BEGIN SUPPLIED RECORDS

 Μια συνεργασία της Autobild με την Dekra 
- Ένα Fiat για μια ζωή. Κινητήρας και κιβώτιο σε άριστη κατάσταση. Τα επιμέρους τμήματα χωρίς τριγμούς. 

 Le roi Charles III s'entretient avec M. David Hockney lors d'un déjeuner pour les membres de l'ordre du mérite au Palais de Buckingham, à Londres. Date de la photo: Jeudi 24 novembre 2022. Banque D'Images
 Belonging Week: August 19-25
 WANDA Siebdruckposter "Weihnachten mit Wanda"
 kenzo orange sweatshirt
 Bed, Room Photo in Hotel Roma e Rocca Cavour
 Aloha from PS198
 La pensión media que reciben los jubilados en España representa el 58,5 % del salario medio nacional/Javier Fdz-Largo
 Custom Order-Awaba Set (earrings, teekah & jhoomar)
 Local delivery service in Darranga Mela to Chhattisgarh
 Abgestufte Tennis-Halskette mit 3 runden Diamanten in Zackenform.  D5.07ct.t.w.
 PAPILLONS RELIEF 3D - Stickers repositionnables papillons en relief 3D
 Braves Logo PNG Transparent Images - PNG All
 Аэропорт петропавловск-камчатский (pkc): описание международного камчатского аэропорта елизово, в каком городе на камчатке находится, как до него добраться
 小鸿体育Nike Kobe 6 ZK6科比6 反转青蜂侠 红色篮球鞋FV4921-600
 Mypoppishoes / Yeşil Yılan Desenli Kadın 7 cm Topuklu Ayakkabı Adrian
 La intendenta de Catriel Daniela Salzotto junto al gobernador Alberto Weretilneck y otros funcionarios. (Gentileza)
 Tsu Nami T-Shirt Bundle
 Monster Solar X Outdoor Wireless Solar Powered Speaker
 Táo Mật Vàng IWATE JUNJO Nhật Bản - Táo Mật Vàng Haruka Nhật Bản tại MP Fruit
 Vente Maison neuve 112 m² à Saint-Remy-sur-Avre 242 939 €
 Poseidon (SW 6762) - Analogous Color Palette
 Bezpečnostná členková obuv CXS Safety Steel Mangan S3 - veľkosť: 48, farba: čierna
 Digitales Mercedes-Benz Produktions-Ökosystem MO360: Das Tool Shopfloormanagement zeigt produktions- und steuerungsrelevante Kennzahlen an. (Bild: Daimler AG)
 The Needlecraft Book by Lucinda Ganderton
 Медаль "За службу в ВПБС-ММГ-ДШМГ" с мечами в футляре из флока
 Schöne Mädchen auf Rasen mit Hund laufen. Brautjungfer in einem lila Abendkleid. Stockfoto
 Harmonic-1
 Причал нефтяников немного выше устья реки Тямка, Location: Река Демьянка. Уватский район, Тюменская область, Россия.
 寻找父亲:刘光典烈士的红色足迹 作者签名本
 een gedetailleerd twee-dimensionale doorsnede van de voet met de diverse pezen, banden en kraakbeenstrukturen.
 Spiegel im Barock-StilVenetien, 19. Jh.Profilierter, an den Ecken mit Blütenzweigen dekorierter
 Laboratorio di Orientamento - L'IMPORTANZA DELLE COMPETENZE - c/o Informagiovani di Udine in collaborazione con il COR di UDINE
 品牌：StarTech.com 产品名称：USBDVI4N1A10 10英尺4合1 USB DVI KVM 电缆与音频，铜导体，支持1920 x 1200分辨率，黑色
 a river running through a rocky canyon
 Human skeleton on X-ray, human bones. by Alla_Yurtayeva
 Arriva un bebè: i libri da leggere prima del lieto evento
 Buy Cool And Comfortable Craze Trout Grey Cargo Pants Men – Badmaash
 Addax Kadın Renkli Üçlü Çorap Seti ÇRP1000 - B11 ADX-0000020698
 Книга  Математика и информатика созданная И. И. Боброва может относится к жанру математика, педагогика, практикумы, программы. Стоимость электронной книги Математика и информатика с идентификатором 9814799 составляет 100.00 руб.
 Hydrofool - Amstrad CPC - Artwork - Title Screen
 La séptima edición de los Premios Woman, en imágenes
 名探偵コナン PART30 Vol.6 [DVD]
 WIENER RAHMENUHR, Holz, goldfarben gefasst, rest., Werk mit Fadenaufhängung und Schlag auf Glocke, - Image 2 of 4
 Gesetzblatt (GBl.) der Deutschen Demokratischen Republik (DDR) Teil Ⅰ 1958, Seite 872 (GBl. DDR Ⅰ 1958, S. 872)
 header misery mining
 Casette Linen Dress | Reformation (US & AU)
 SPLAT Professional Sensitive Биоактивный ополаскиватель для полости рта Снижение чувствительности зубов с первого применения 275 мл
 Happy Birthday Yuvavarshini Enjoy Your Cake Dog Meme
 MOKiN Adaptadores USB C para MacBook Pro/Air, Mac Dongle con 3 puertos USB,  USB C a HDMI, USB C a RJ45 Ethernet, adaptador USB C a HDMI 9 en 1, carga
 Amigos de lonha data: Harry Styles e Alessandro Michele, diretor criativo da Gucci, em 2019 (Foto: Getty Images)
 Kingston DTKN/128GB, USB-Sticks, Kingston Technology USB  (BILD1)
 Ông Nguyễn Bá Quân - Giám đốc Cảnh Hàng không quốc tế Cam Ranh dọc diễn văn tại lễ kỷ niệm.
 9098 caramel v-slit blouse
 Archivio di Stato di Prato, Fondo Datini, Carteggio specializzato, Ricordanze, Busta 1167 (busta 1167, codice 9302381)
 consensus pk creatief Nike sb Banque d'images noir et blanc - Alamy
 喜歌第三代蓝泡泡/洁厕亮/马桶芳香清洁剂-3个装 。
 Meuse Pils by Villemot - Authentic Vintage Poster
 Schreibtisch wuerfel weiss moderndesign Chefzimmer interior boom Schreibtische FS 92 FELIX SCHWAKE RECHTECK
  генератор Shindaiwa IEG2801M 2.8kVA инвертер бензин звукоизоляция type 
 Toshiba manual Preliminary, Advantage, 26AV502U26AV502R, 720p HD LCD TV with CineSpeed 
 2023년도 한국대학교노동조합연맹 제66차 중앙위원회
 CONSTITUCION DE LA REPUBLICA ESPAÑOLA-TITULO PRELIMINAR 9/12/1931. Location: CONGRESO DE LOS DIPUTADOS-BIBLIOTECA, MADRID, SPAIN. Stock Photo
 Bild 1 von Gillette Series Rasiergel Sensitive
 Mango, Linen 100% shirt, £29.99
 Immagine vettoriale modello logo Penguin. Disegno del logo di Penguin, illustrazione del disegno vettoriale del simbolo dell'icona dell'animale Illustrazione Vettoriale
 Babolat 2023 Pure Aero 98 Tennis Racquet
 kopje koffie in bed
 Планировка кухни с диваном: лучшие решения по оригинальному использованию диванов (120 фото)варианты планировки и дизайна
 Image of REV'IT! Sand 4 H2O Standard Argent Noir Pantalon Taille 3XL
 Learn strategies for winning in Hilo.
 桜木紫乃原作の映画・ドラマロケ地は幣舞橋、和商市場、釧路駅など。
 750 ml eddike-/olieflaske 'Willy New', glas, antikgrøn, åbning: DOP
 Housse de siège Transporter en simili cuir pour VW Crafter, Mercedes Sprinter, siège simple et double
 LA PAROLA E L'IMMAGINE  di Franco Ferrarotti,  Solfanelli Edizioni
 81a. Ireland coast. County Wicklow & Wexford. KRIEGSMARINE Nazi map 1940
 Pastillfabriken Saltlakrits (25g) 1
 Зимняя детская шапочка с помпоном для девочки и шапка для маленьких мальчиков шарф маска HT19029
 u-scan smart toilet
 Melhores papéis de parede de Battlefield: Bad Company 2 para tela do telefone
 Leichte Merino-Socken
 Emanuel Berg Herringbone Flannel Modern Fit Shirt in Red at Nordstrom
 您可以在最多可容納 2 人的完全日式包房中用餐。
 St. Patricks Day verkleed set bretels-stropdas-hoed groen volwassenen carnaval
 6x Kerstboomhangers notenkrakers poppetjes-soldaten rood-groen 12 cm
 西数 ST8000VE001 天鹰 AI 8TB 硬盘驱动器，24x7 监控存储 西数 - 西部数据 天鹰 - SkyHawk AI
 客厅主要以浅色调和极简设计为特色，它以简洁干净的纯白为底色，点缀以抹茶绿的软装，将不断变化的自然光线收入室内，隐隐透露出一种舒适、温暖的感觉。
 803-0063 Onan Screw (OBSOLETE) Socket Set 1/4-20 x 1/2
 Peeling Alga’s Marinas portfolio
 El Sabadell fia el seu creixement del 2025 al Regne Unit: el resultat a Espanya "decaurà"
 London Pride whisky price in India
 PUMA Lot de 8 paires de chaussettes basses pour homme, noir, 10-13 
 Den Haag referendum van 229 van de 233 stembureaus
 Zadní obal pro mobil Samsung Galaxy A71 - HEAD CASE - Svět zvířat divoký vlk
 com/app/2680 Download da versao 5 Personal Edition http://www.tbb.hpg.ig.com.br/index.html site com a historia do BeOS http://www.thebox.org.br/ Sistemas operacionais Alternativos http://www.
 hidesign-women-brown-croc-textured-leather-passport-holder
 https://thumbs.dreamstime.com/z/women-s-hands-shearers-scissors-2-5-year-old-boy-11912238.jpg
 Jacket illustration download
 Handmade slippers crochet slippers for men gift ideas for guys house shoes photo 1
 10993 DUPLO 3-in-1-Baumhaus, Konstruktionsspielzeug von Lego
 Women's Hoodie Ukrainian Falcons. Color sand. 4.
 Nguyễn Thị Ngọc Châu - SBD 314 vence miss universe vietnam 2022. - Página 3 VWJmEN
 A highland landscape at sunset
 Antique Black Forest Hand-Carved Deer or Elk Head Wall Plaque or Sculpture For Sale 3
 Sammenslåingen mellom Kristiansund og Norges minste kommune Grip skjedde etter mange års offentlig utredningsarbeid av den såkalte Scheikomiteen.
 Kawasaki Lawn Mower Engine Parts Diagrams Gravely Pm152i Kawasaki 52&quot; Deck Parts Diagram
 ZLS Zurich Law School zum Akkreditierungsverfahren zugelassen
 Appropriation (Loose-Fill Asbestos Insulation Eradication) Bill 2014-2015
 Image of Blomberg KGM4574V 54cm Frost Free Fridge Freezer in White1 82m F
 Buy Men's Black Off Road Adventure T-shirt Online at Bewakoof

END SUPPLIED RECORDS

● **WHAT IS NEEDED**: Across the entries above, how many lines include "groen"? State only that number.

● **SOLUTION**: 2